[Dataset content]
—————

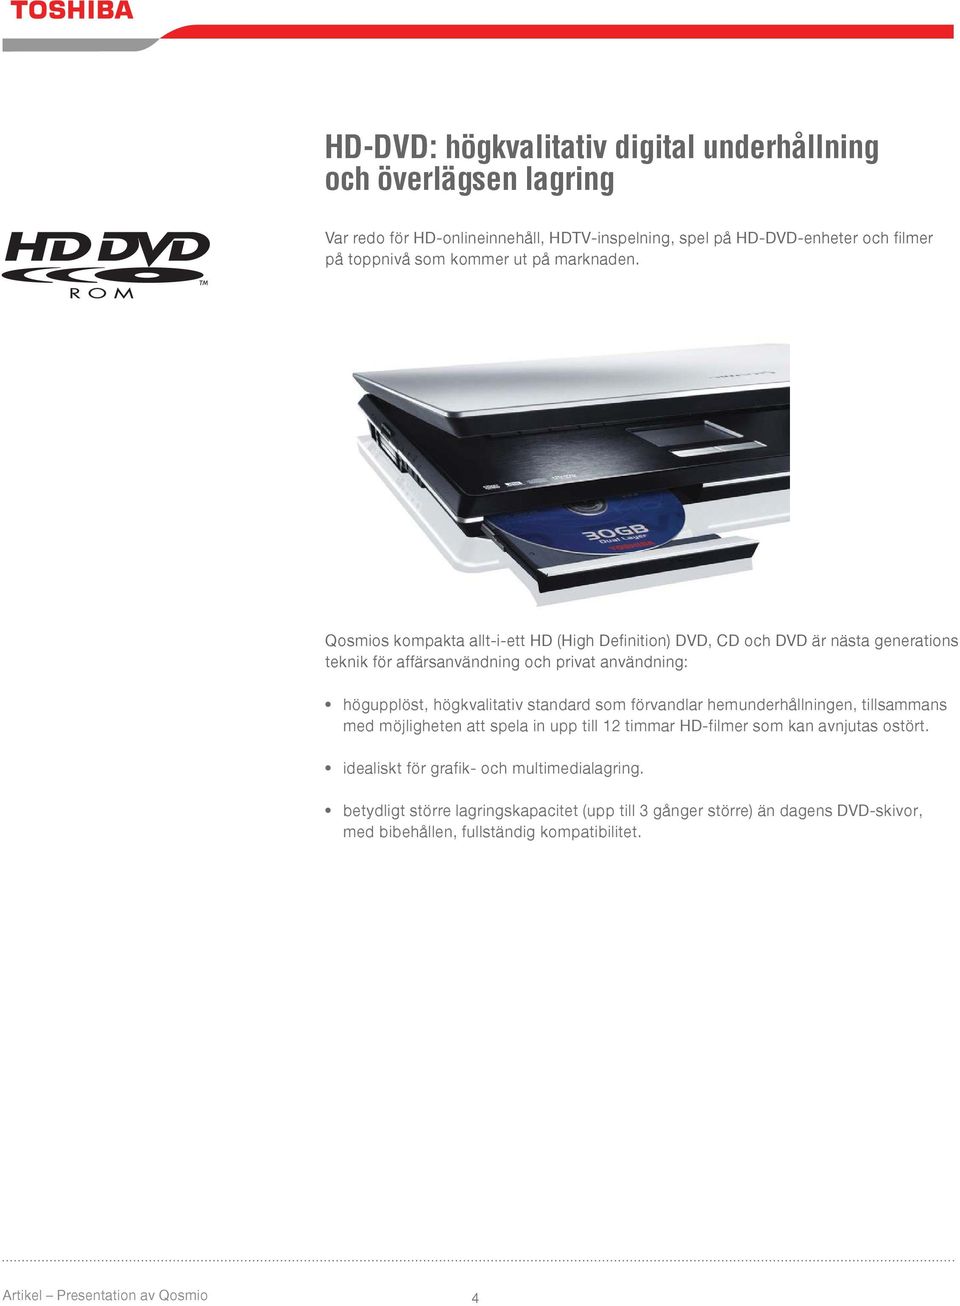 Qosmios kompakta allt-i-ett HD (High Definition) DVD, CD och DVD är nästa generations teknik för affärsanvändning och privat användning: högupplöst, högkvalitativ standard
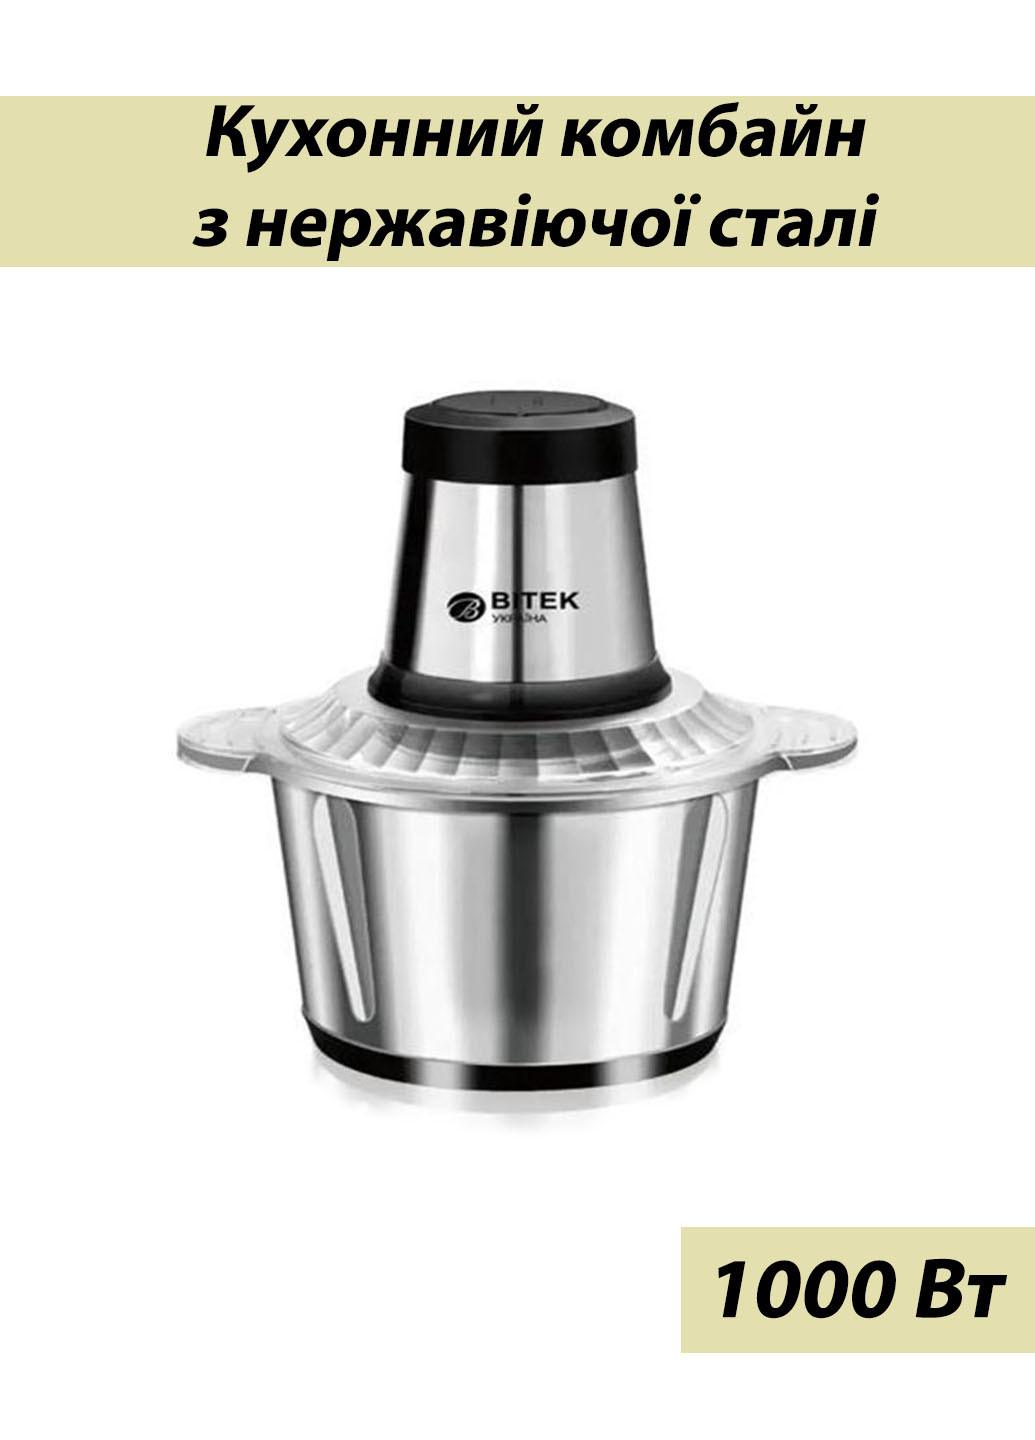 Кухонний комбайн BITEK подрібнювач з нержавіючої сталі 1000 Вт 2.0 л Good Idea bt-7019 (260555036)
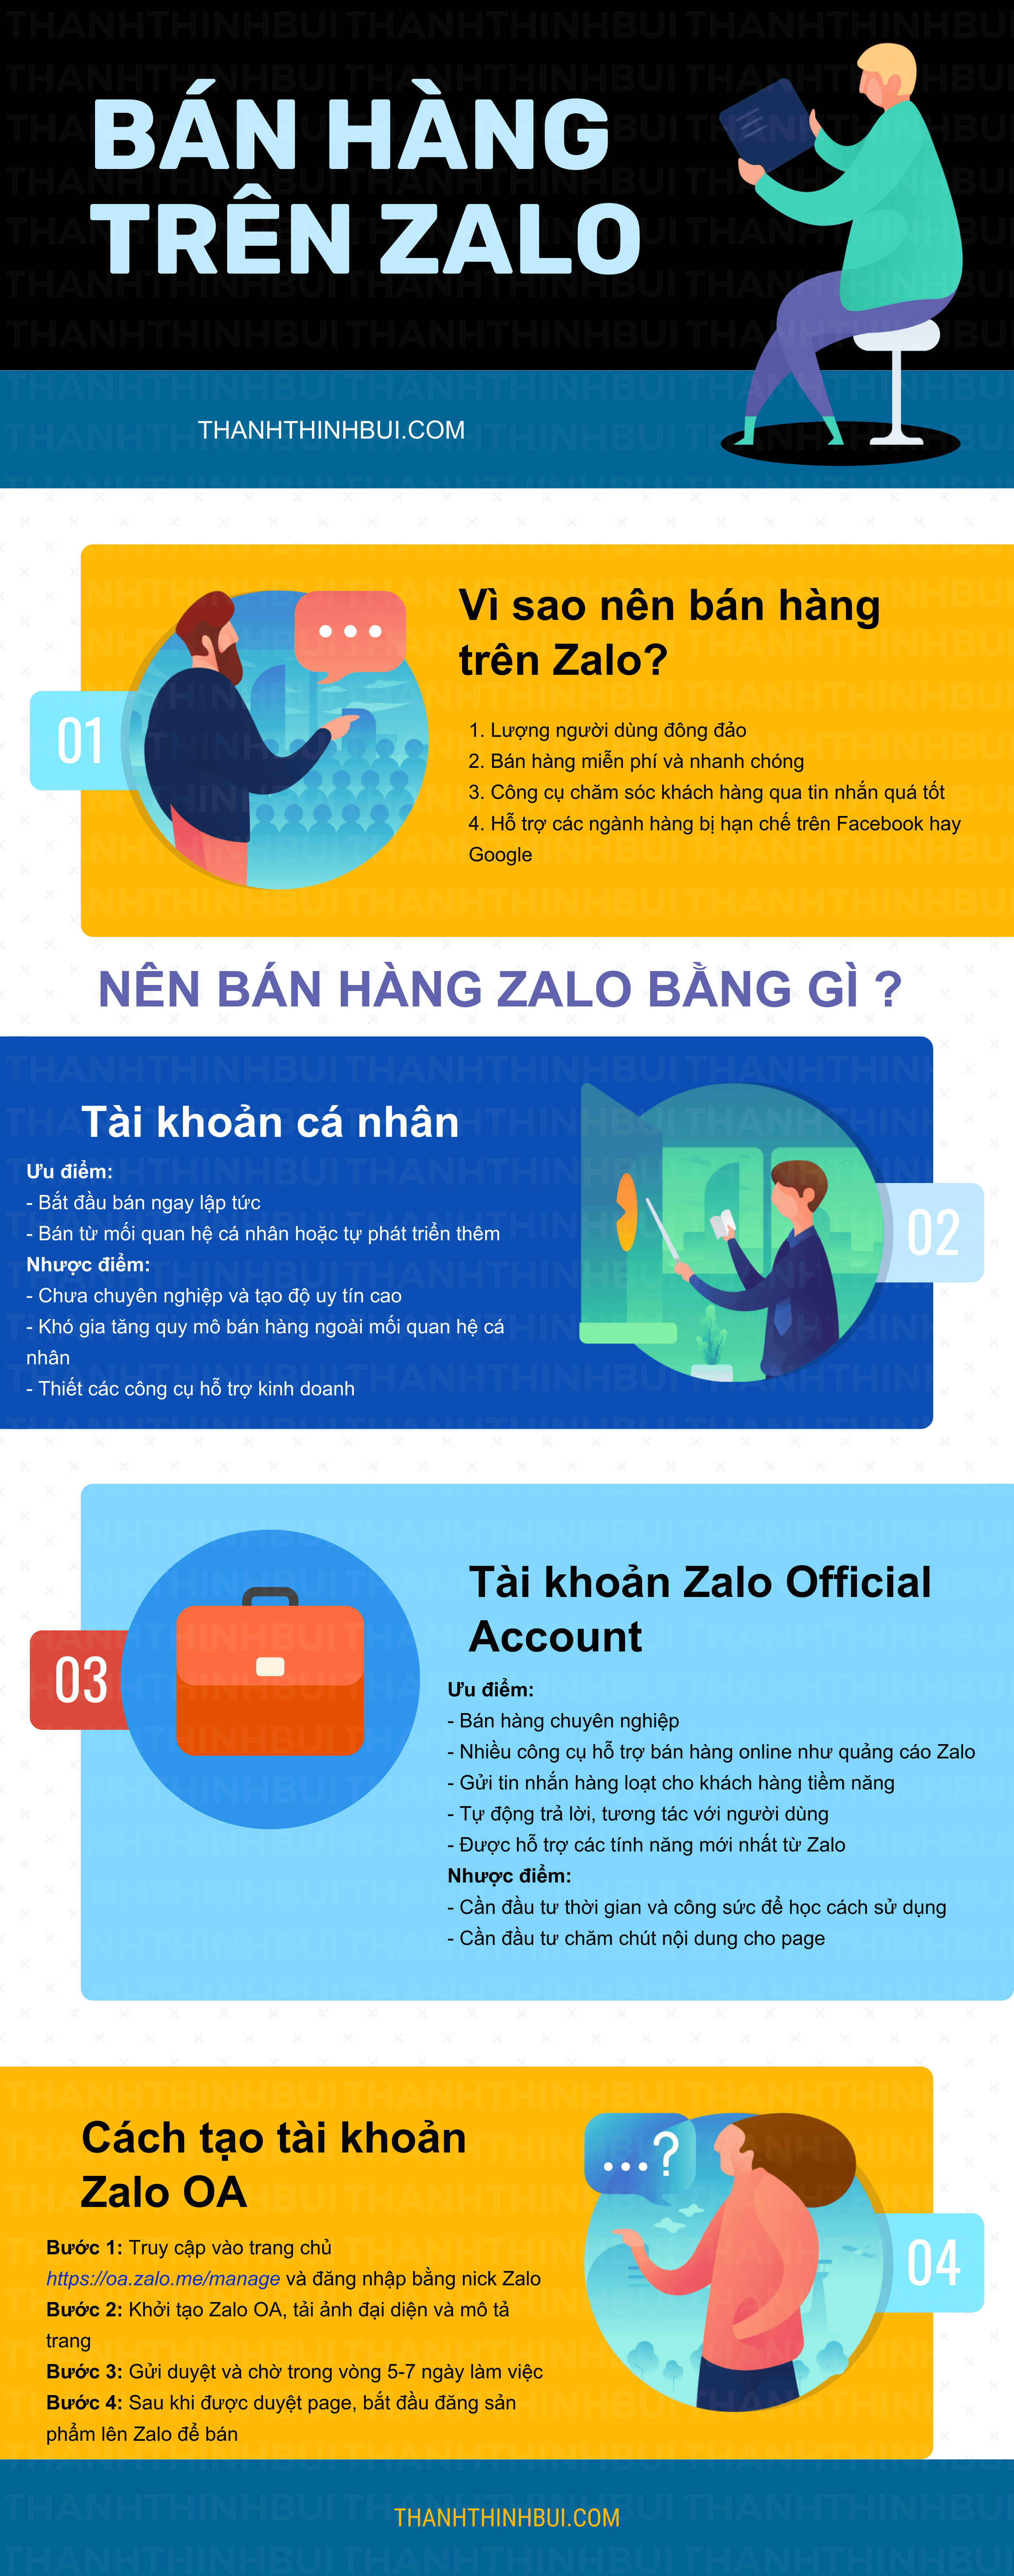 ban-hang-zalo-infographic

—————

[Work required] Could you print the data exactly as it appears and keep the pictures out?

[Expected answer]
 Qosmios kompakta allt-i-ett HD (High Definition) DVD, CD och DVD är nästa generations teknik för affärsanvändning och privat användning: högupplöst, högkvalitativ standard
 Кухонний комбайн BITEK подрібнювач з нержавіючої сталі 1000 Вт 2.0 л Good Idea bt-7019 (260555036)
 ban-hang-zalo-infographic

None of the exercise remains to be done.